Construction on 431 Greenwich homes to begin next month
Work to construct 431 homes in Greenwich is finally set to begin many years after plans were first proposed.
The site on Greenwich peninsula is owned by Knight Dragon and lay empty for many years while plans came and went with little action on the ground.
The site was supposed to see 281 homes in the most recent Greenwich masterplan, but is now up to 431.
A recent application gives a timeline of the planned timetable, with preliminary work already underway and construction beginning next month.

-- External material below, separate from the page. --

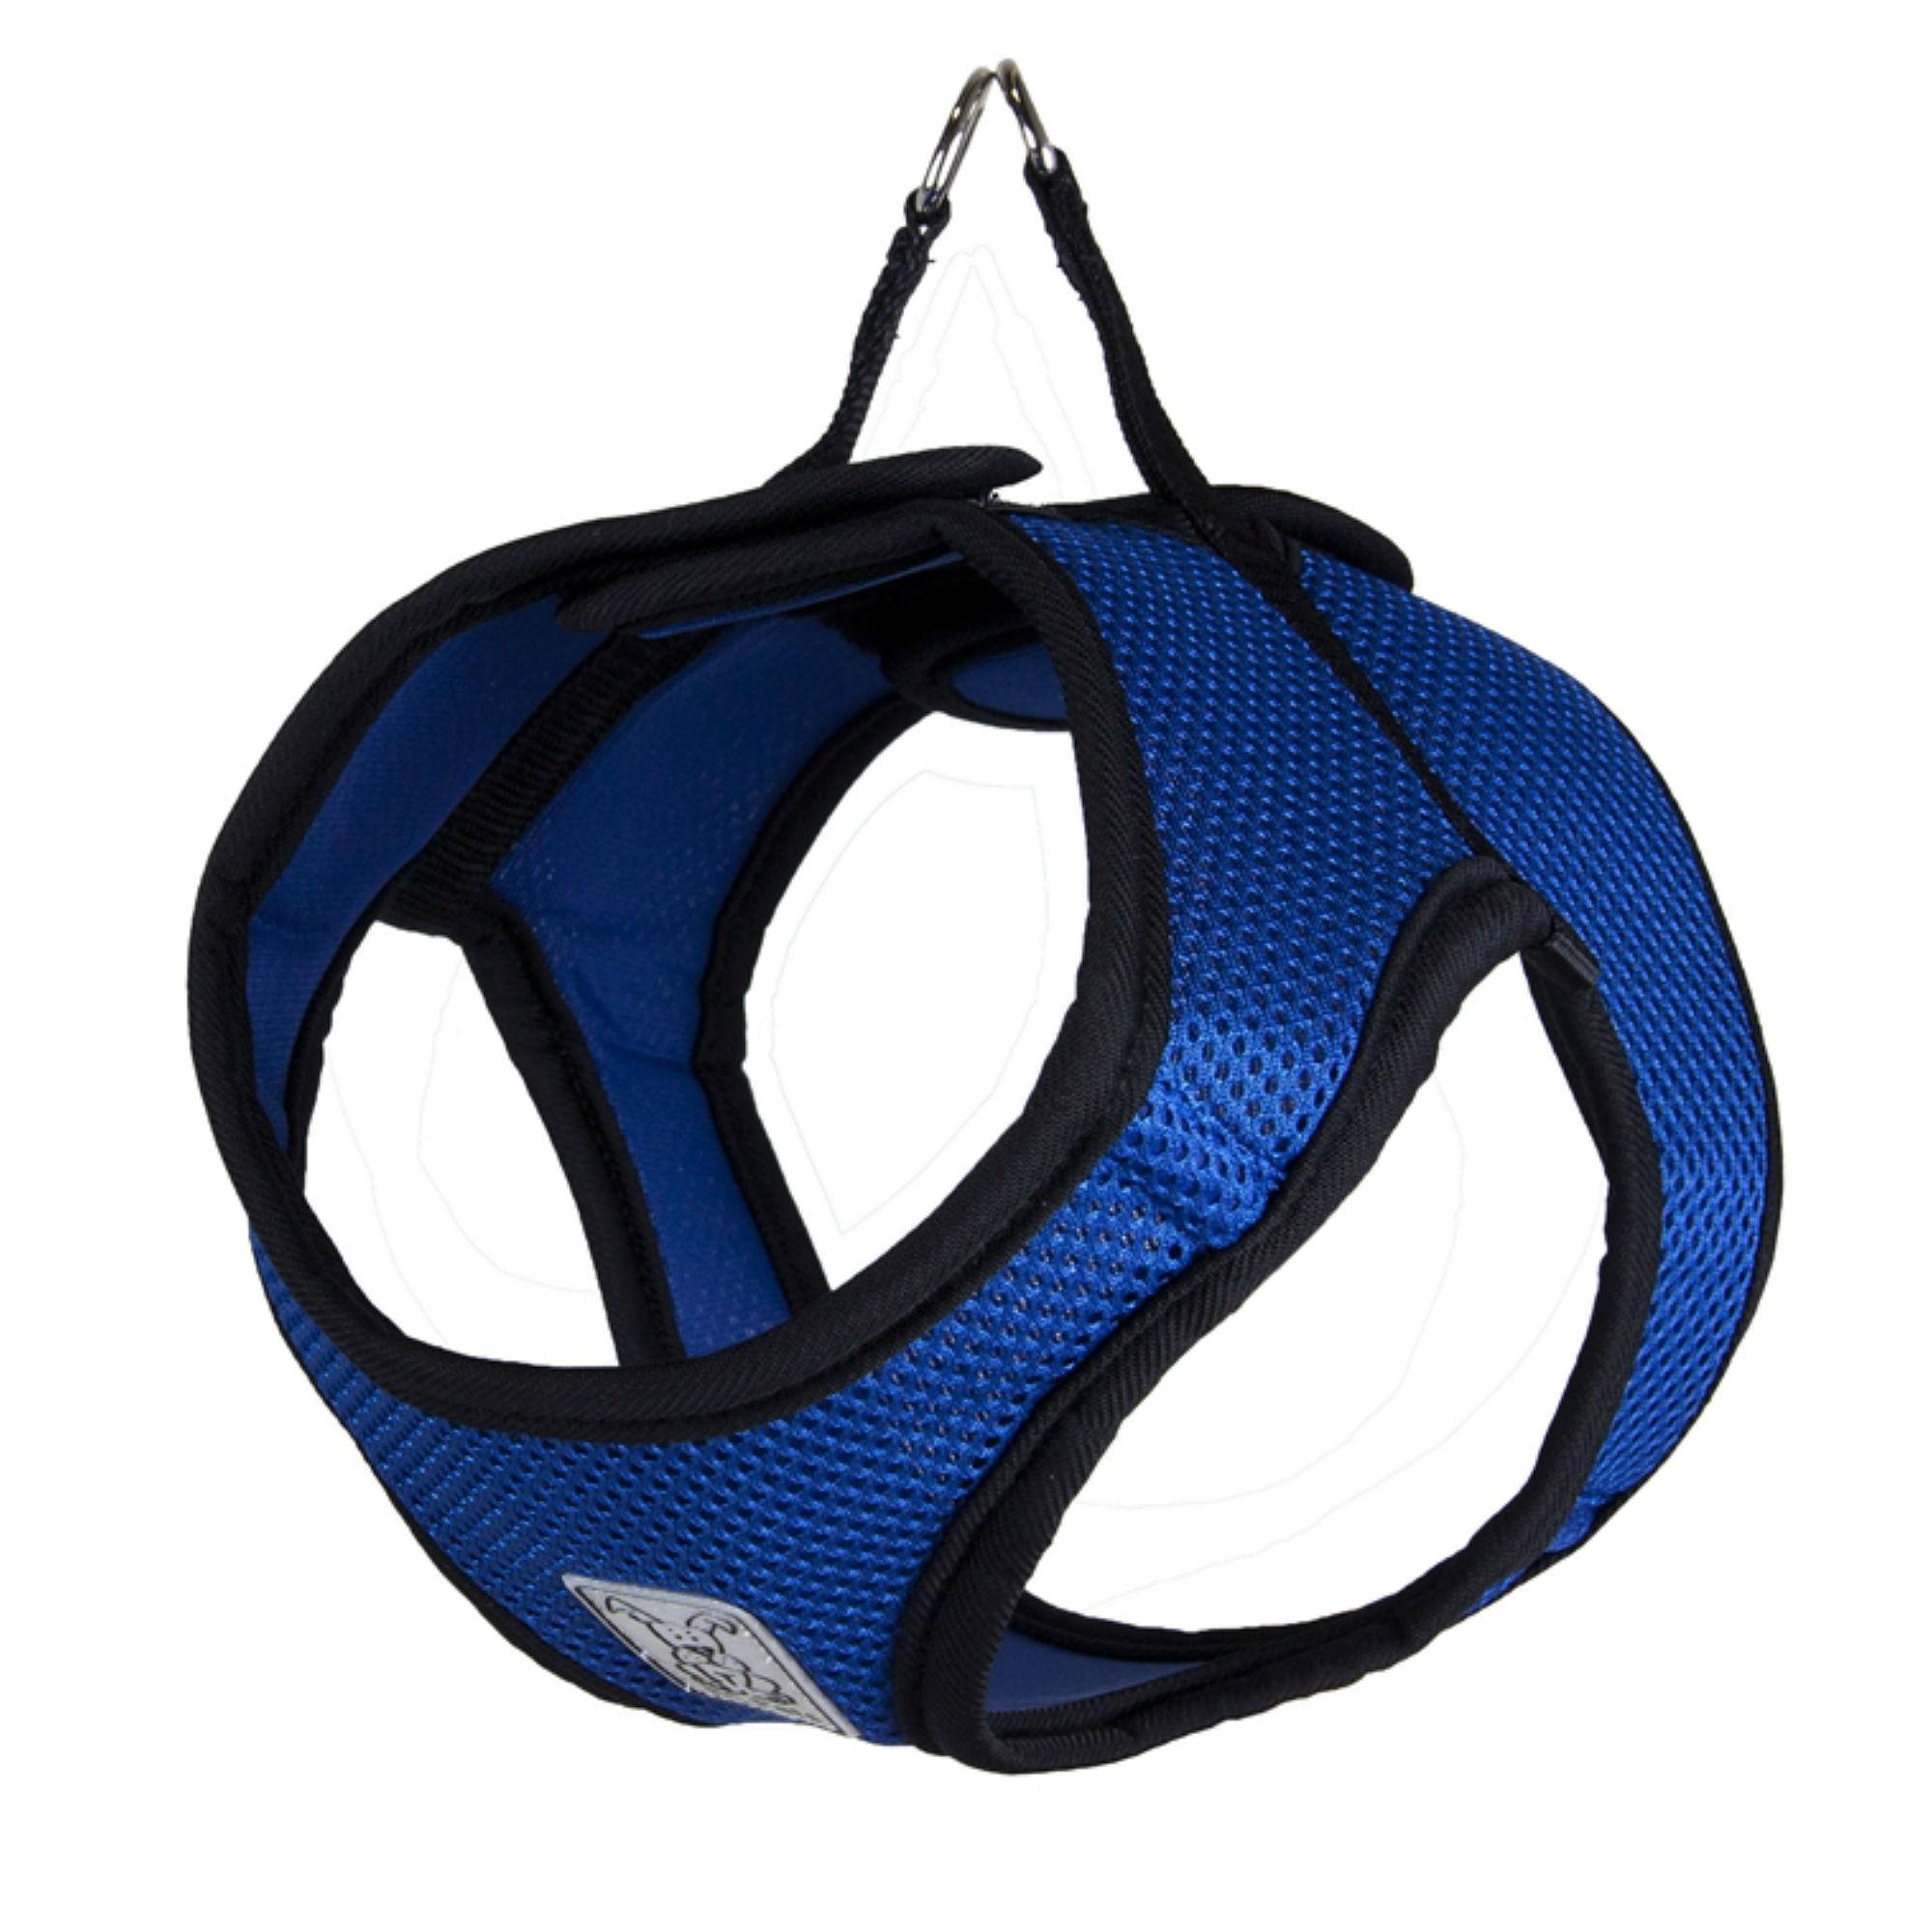 Step-in Cirque Dog Harness - Cobalt Blue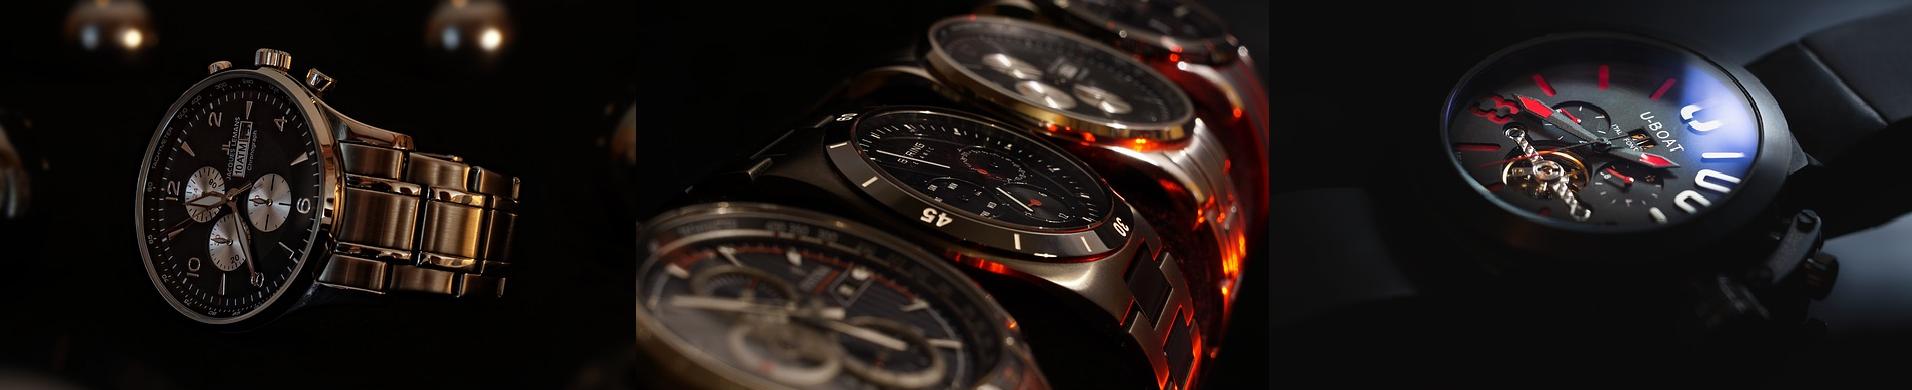 kronograf klockor

Plot 19.05 sits next to housing built in the 2010s before developer Knight Dragon pulled up the drawbridge and stopped building.
Housing shortage
As we often see with large areas of land in the hands of one developer, progress is glacial. Peabody at Thamesmead springs to mind.
Knight Dragon have been big on placemaking (as have Peabody) while forgetting to build those things people actually live in. I mean, who needed that while the population soars?
Now they’ve finally got off their arse we see movement at one plot. That leaves numerous others to get on with.
Transport
More new houses doesn’t mean any attempt to improve walking and cycling links to established shops, transport links and communities in east Greenwich and Charlton, mind.
Greenwich have a new transport strategy under consultation, though a number of previous strategies were simply ignored by council departments after being adopted thus this remains:
The Carbon Reduction plan? Some lovely words in that. Healthy living strategy? Oh yes it sound lovely.
Shame it has changed little when it came to how various departments acted and allocated funds. Streets across Greenwich still do nothing to encourage walking or cycling using incoming developer funding.
Clutter you want? Clutter you got, preventing easy crossing for those on foot.
Will the new transport strategy change anything?
Maybe. There’s new leaders and Cabinet members replacing those who failed before and were kicked out.
They need to push it onto officers though, or the residents of 431 new homes will have just as poor links as thousands of others who moved in before.